Federal Jury Convicts Patient Recruiter in $1.1 Million Kickback Scheme

The Justice Department secured a conviction last week of a Michigan-based patient recruiter for her participation in a conspiracy to commit healthcare fraud. From 2009 to 2012, the recruiter and her co-conspirators developed a scheme to defraud Medicare through the filing of false home health claims. The recruiter solicited and received kickbacks in exchange for referring Medicare beneficiaries to a home health agency owned by her co-conspirators. That agency then submitted claims to Medicare for services allegedly provided to those beneficiaries. The claims at issue totaled approximately $1.1 million.

The DOJ press release is here.

Ophthalmology Practice and Owner Settle Healthcare Fraud Claims for Over $2 Million

The US Attorney’s Office in the Southern District of New York reached a $2 million settlement in a civil fraud lawsuit against a doctor and his practice called Metropolitan Retina Associates, Inc.

The settlement resolved False Claim Act allegations that the doctor and his practice billed Medicare and Medicaid for tests of such poor quality that they provided no diagnostic value and billed for other tests that lacked supporting documentation or were not performed at all.  The doctor and the practice were required to issue an admission and accept responsibility for the conduct in addition to making the $2 million payment.  
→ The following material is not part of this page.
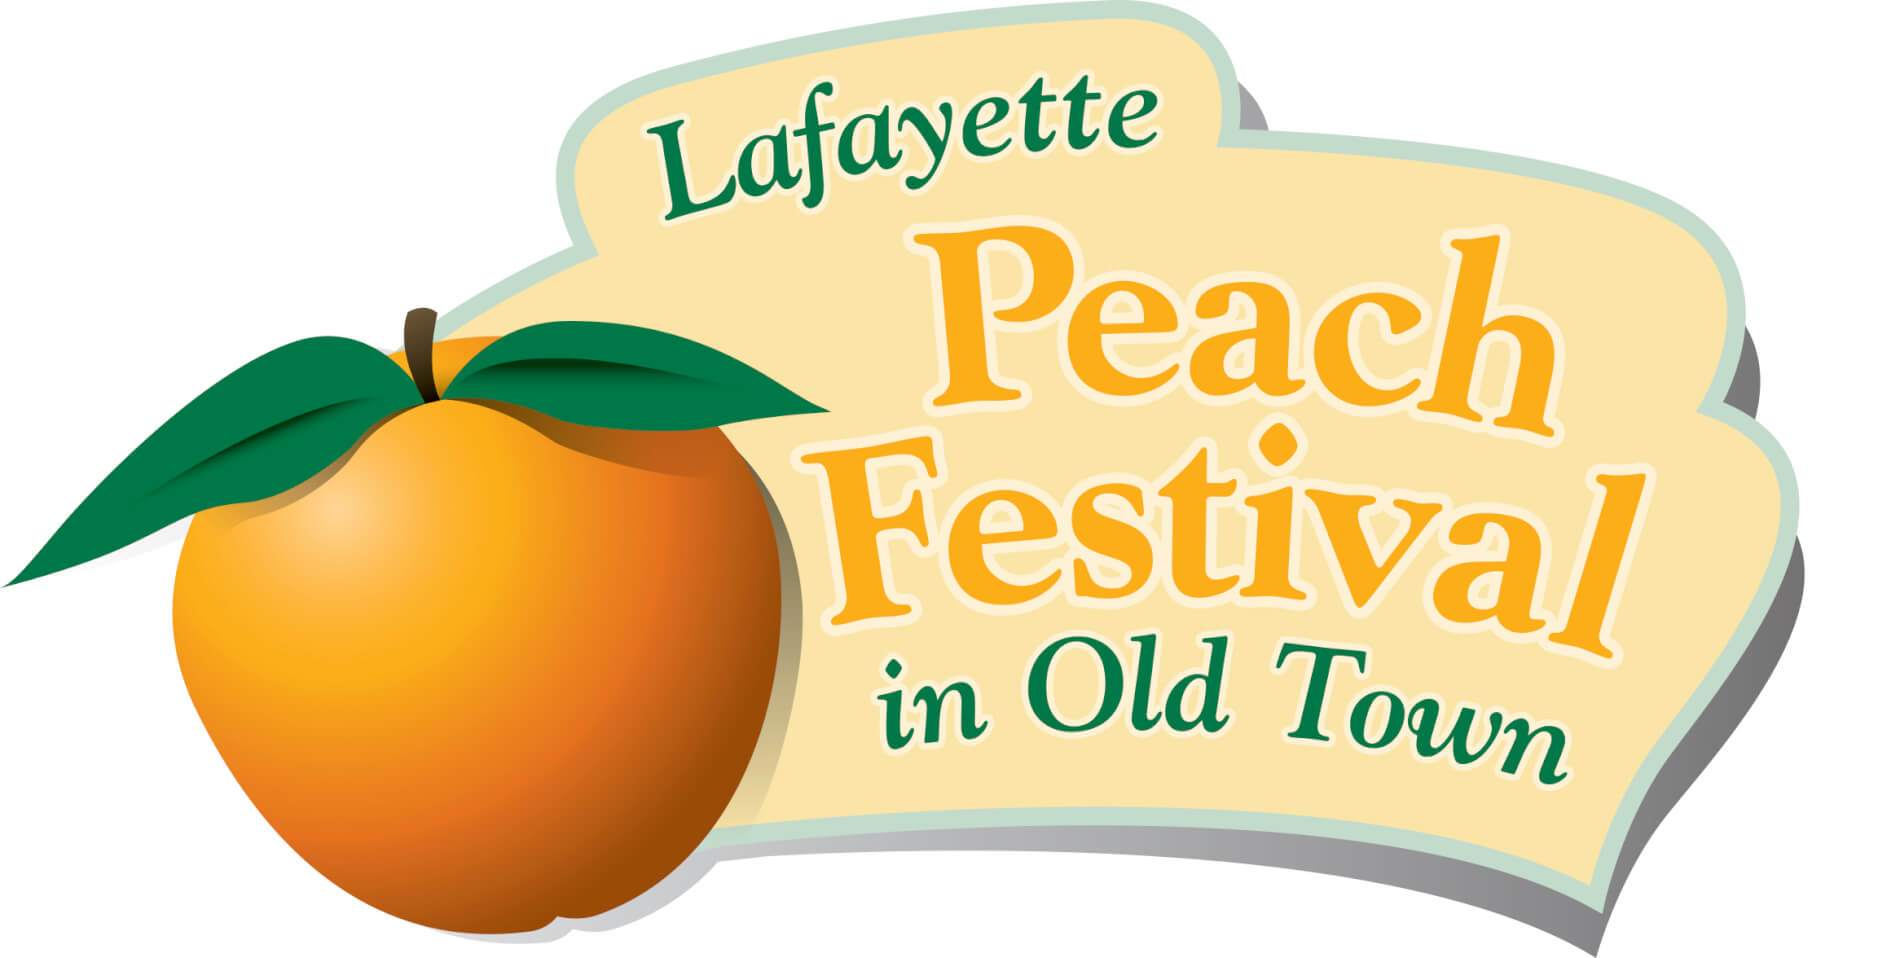 Lafayette Peach Festival Visit Old Town Lafayette, Colorado

The US Attorney’s Office press release is here.

Kickback Scheme Results in Jail Sentence for Owner of Houston Healthcare Clinics

On November 7, 2018, a federal judge sentenced the owner of three Houston, Texas area clinics to 36 months in prison followed by three years of supervised release as part of a plea agreement under which the owner admitted to causing others to submit false and fraudulent claims to Medicare for services not actually provided and/or not actually authorized by a physician.

The owner admitted to directing others to add tests and procedures that were not performed and to create false patient records to support claims for those tests and procedures. In addition to a prison sentence, the court ordered the owner to pay $2.7 million in restitution to Medicare.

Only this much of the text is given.